Modified fluctuation-dissipation theorem near non-equilibrium states and applications to the Glauber-Ising chain

TL;DR

This paper derives a generalized modified fluctuation-dissipation theorem applicable to non-stationary non-equilibrium states, supported by theoretical derivations and illustrated through examples including a Brownian particle and the 1D Glauber-Ising model.

Contribution

It extends the MFDT to arbitrary non-stationary states using linear response and fluctuation theorems, with trajectory-level interpretation and practical examples.

Findings

Derived a general MFDT for non-stationary states

Connected MFDT to trajectory entropy concepts

Validated framework with solvable models

Abstract

In this paper, we present a general derivation of a modified fluctuation-dissipation theorem (MFDT) valid near an arbitrary non-stationary state for a system obeying markovian dynamics.

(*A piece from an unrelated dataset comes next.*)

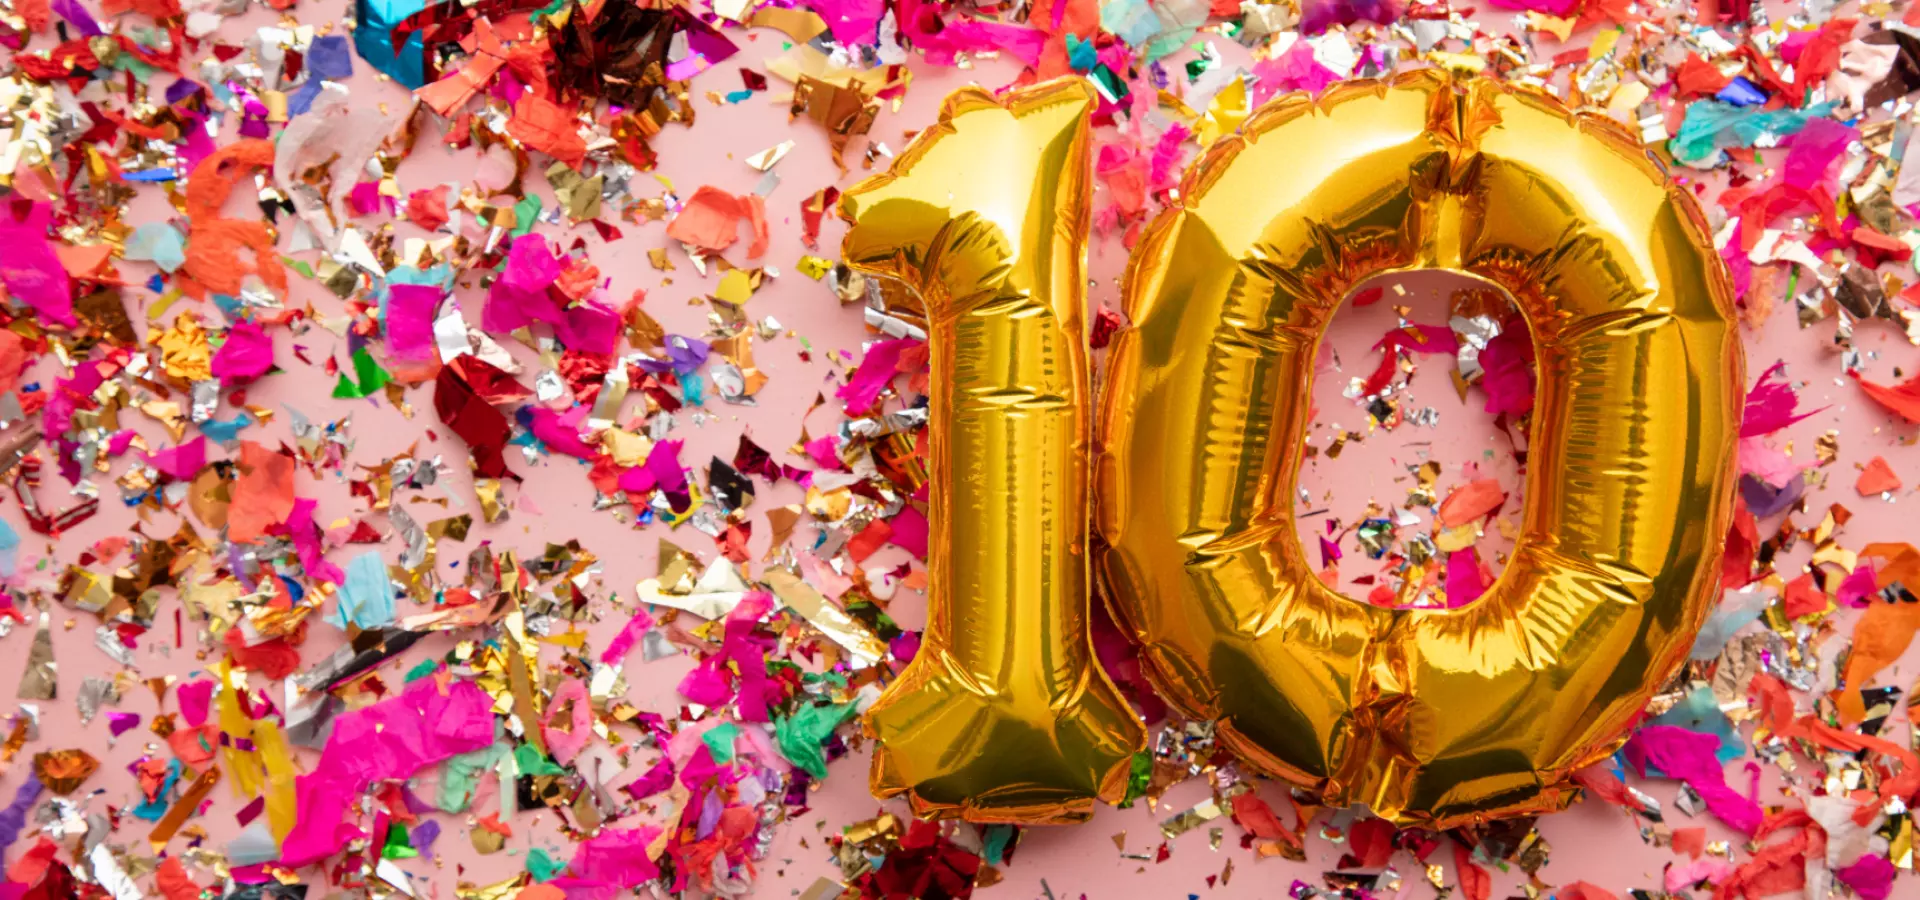 Golden balloons in the shape of '10' with colourful confetti on a pink background.

We show that the method to derive modified fluctuation-dissipation theorems near non-equilibrium stationary states used by J. Prost et al., PRL 103, 090601 (2009), is generalizable to non-stationary states. This result follows from both standard linear response theory and from a transient fluctuation theorem, analogous to the Hatano-Sasa relation. We show that this modified fluctuation-dissipation theorem can be interpreted at the trajectory level using the notion of stochastic trajectory entropy, in a way which is similar to what has been done recently in the case of MFDT near non-equilibrium steady states (NESS). We illustrate this framework with two solvable examples: the first example corresponds to a brownian particle in an harmonic trap submitted to a quench of temperature and to a time-dependent stiffness. The second example is a classic model of coarsening systems, namely the 1D Ising model with Glauber dynamics.